I was not going to do that 24 more times. Manually finding a cover image, making sure it's the right edition, cropping it, saving it, typing the path — for 24 books. That sounded exhausting.

So I wrote a script with the help of AI.

`download-book-covers.py`

The requirements were simple: no pip installs (so anyone can run it without setting up a virtual environment), no API keys, and safe to re-run. Idempotent. The script would:

Read lib/books.ts and find books missing coverImage
Search for each book on Open Library (Google Books as fallback)
Download the cover image to public/images/books/
Patch lib/books.ts with the new coverImage path

Python stdlib only. urllib, json, re, pathlib. That's it.

Parsing TypeScript without a TypeScript parser

The obvious choice would be to import the file or use a proper parser. But "stdlib only" ruled that out, and the file structure is regular enough that regex works fine.

The strategy: find every title: "..." occurrence, scan backwards to find the enclosing {, scan forward to find the matching }, check if coverImage is already in that block:

array_start = content.find("export const books")
 
for m in re.finditer(r'title:\s*"([^"]+)"', content[array_start:]):
    title_pos = array_start + m.start()
 
    # Find the enclosing block by counting braces
    block_start = content.rfind("{", 0, title_pos)
    depth = 0
    for i, ch in enumerate(content[block_start:], start=block_start):
        if ch == "{": depth += 1
        elif ch == "}":
            depth -= 1
            if depth == 0:
                block_end = i
                break
 
    block = content[block_start : block_end + 1]
    if "coverImage" not in block:
        # queue for download

Brace counting to find block boundaries feels like a hack right up until you realise it's exactly what you'd do by hand if you were reading the file yourself.

Slug generation

File names needed to be deterministic from the title. "The Psychology of Money" → the-psychology-of-money.jpg.
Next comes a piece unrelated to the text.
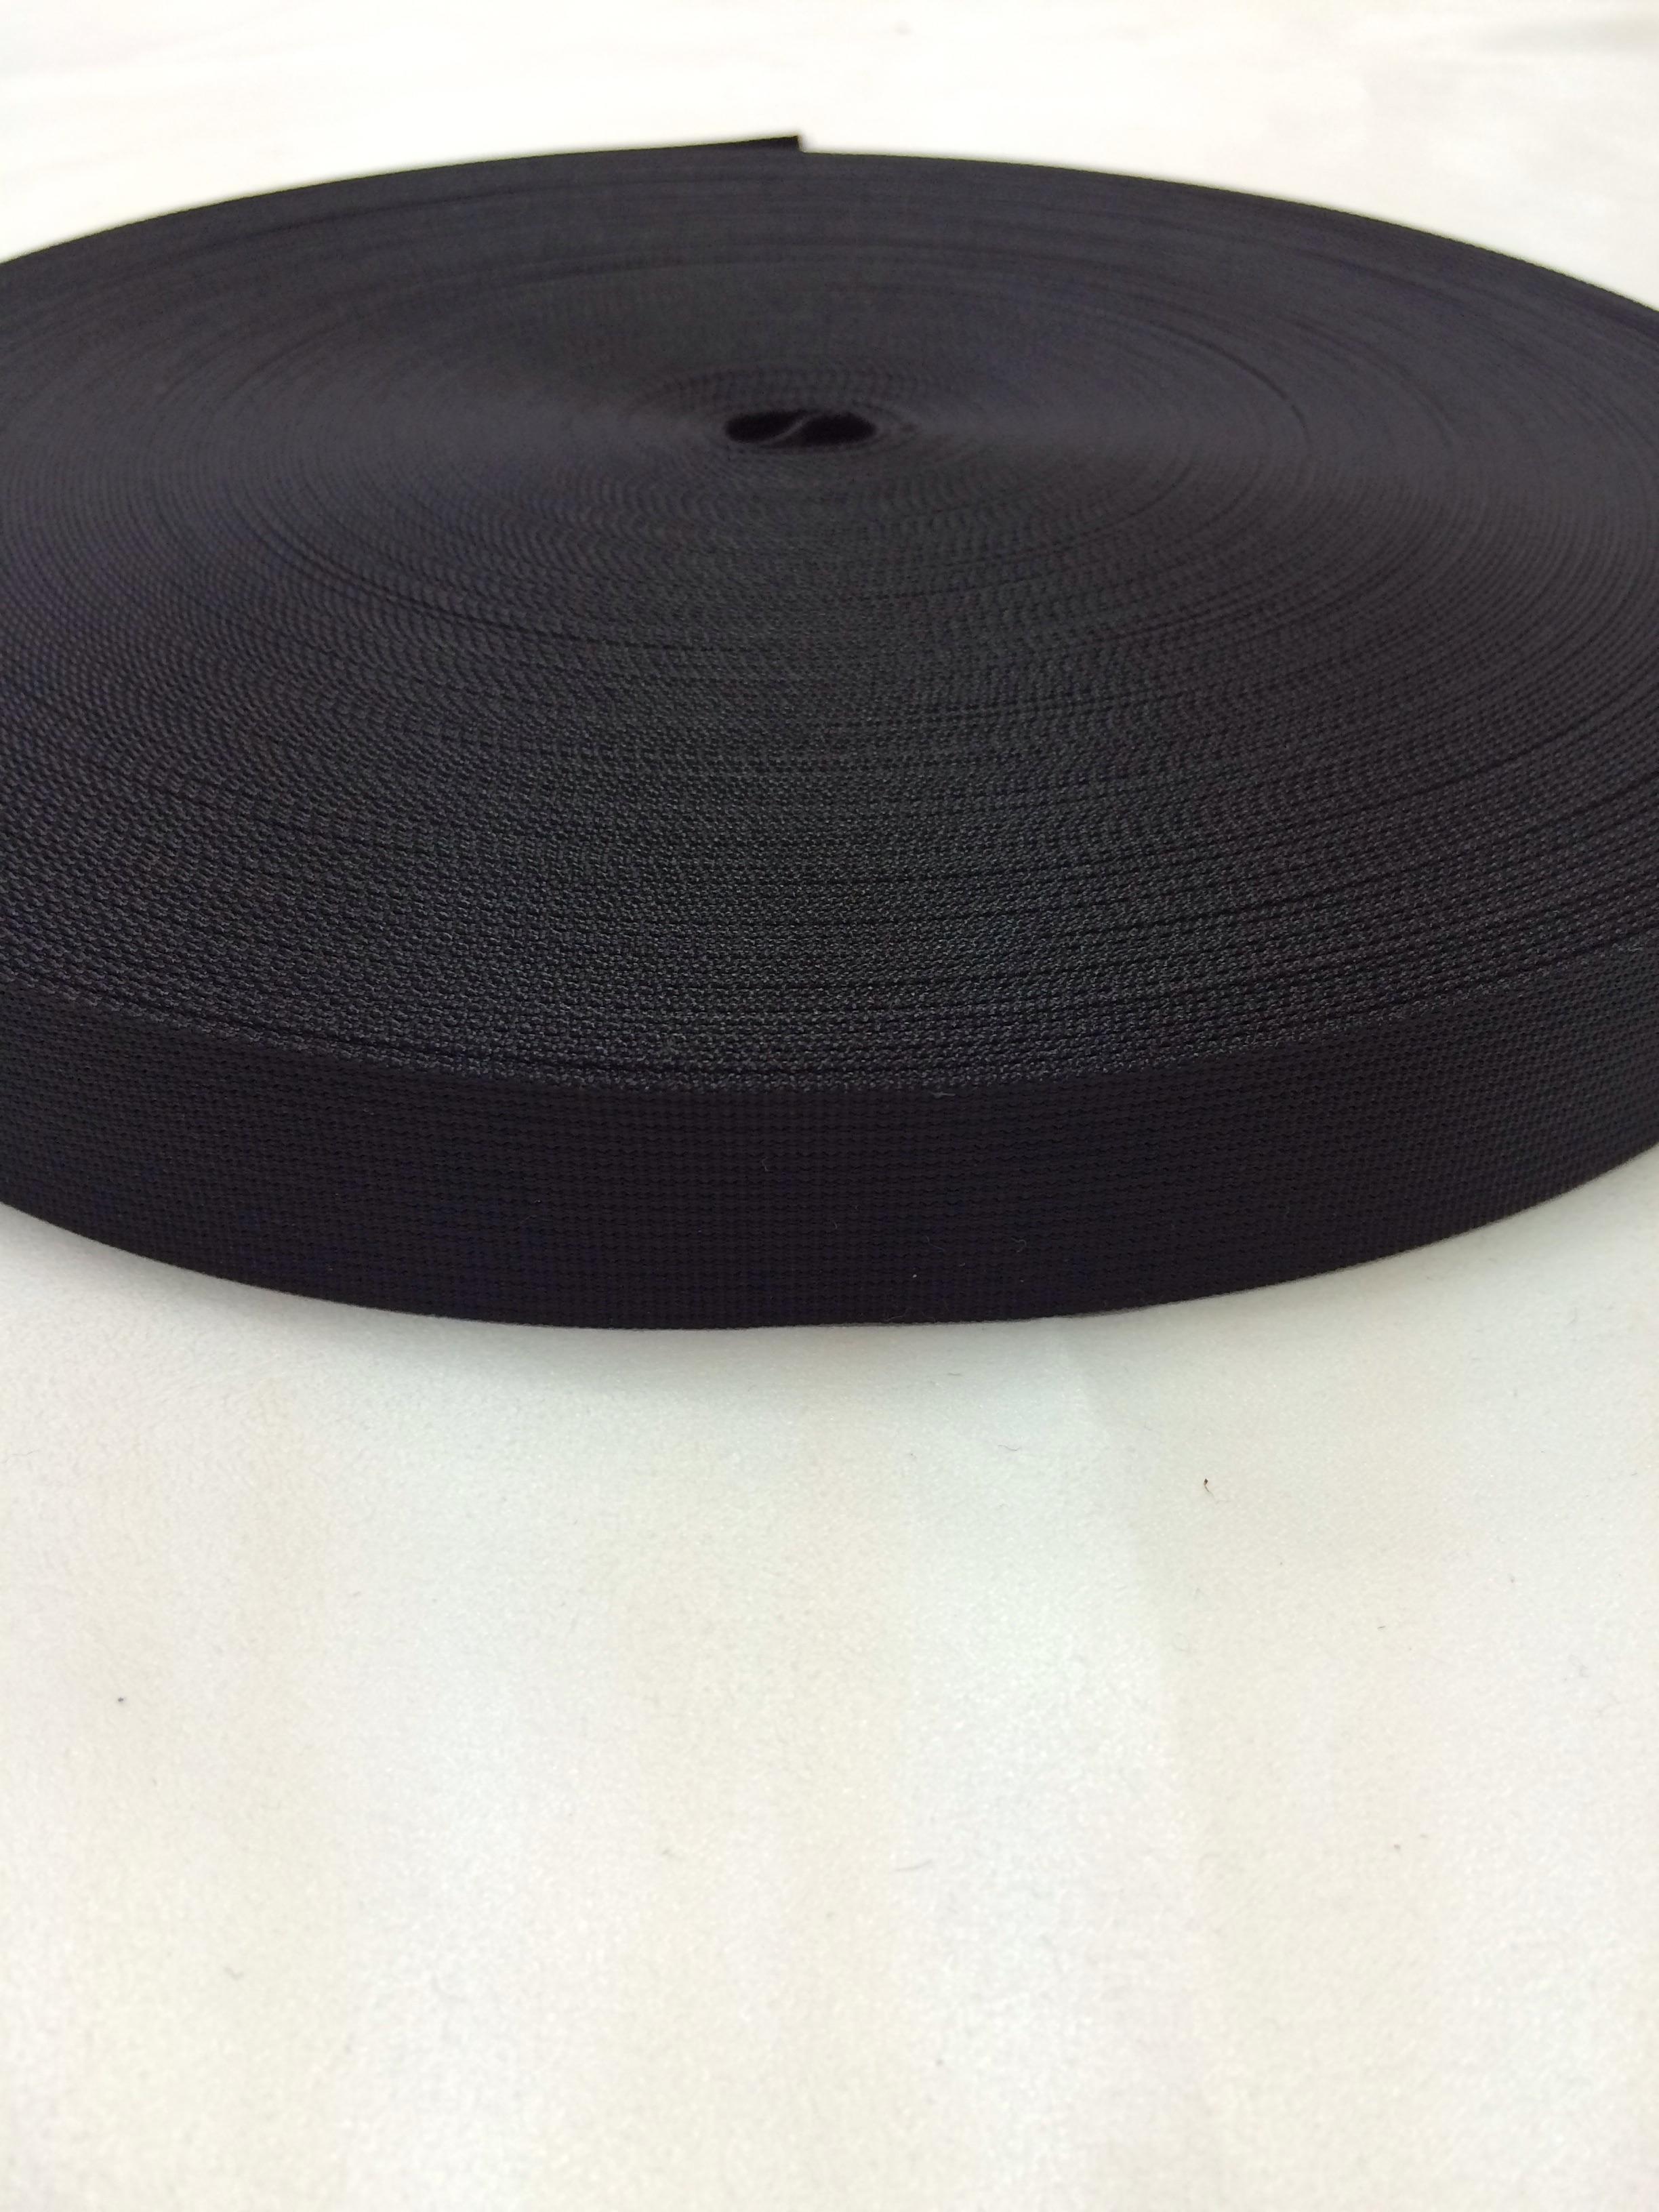 リュックのヒモやザックのヒモに最適な ナイロン ベルト 高密度 25mm幅 1mm厚 黒 50m巻1反

Simple enough. But some titles had subtitles, parentheticals, and apostrophes:

def make_slug(title: str) -> str:
    title = title.split(":")[0]                   # Drop subtitle after colon
    title = re.sub(r"\s*\([^)]*\)", "", title)    # Remove "(series)", "(Prof...)"
    title = re.sub(r"[''']", "", title.lower())   # Remove apostrophes
    title = re.sub(r"[^a-z0-9\s]", " ", title)   # Non-alphanum → space
    title = re.sub(r"\s+", "-", title.strip())    # Spaces → hyphens
    return re.sub(r"-+", "-", title).strip("-")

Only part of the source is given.